在对候选小分子药物与蛋白质的亲和力进行排序时,最广泛使用的基于结构的技术包括速度较快但可靠性较低的对接方法,以及速度较慢但精度较高的显式溶剂自由能方法。近年来,我们推进了另一种技术,这种技术被称为 "挖掘最小值",因为它通过识别和描述自由和结合分子物种的主要局部能量最小值,"挖掘 "出它们对化学势的主要贡献。本研究对 VeraChem Mining Minima Generation 2(VM2)代码中实现的挖掘最小值的准确性和计算速度进行了系统的基准测试,测试范围是两个广受认可的蛋白质配体基准数据集,这些数据集已经有对接、自由能和其他计算方法的基准数据。一个核心结果是,VM2 的精确度接近显式溶剂自由能方法,而计算成本却低得多。在更精细的分析中,我们还研究了各种运行设置(如晶体学水分子的处理)对准确性的影响,并确定了在亚马逊网络服务(AWS)计算实例上使用各种 CPU 和 GPU 组合进行代表性运行的时间和金钱成本。我们还利用基准数据确定了 VM2 对每个能量井从广义玻恩到有限差分泊松-波尔兹曼结果进行修正的重要性,并发现这种修正以适度的计算成本显著一致地提高了精度。目前的研究结果确立了 VM2 在早期药物发现领域的独特技术地位,它是效率和预测性的有力结合。
本文章由计算机程序翻译,如有差异,请以英文原文为准。

Rapid, Accurate, Ranking of Protein-Ligand Binding Affinities with VM2, the Second-Generation Mining Minima Method.

Rapid, Accurate, Ranking of Protein-Ligand Binding Affinities with VM2, the Second-Generation Mining Minima Method.

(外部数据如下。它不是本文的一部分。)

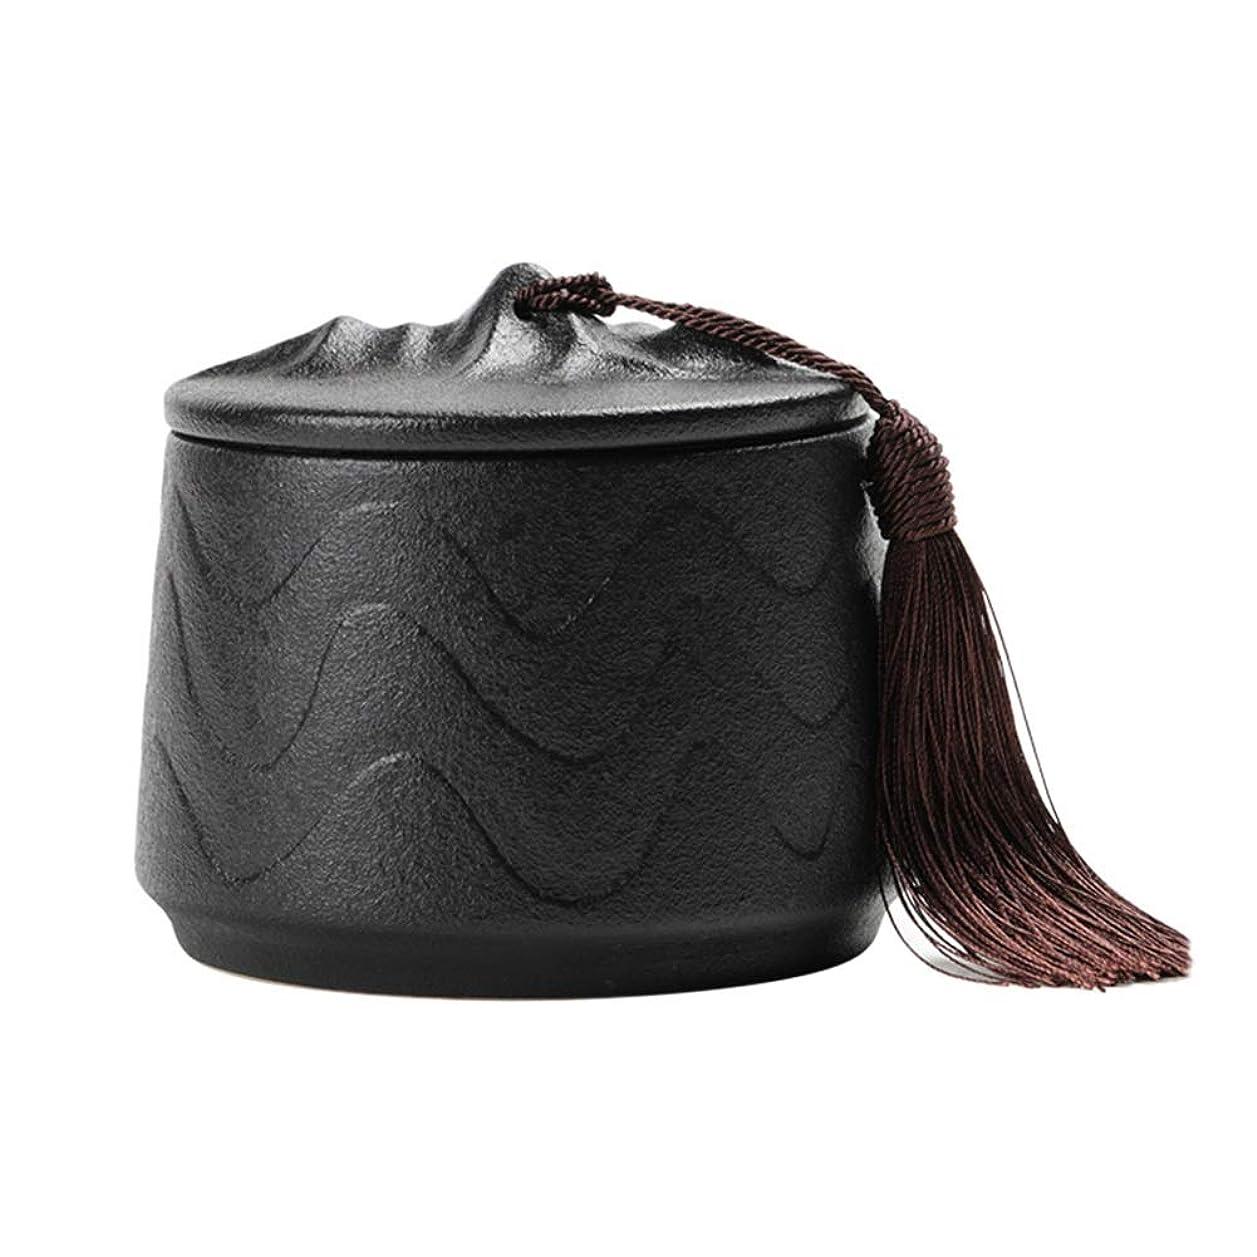 かる恩赦名目上のアッシュ缶 ミニ骨壷火葬大人の子供の灰の貯蔵タンク黒セラミック材料のマットな質感の完璧なお土産、少量の人間の灰 (Color : Black)

The structure-based technologies most widely used to rank the affinities of candidate small molecule drugs for proteins range from faster but less reliable docking methods to slower but more accurate explicit solvent free energy methods. In recent years, we have advanced another technology, which is called mining minima because it "mines" out the main contributions to the chemical potentials of the free and bound molecular species by identifying and characterizing their main local energy minima. The present study provides systematic benchmarks of the accuracy and computational speed of mining minima, as implemented in the VeraChem Mining Minima Generation 2 (VM2) code, across two well-regarded protein-ligand benchmark data sets, for which there are already benchmark data for docking, free energy, and other computational methods. A core result is that VM2's accuracy approaches that of explicit solvent free energy methods at a far lower computational cost. In finer-grained analyses, we also examine the influence of various run settings, such as the treatment of crystallographic water molecules, on the accuracy, and define the costs in time and dollars of representative runs on Amazon Web Services (AWS) compute instances with various CPU and GPU combinations. We also use the benchmark data to determine the importance of VM2's correction from generalized Born to finite-difference Poisson-Boltzmann results for each energy well and find that this correction affords a remarkably consistent improvement in accuracy at a modest computational cost. The present results establish VM2 as a distinctive technology for early-stage drug discovery, which provides a strong combination of efficiency and predictivity.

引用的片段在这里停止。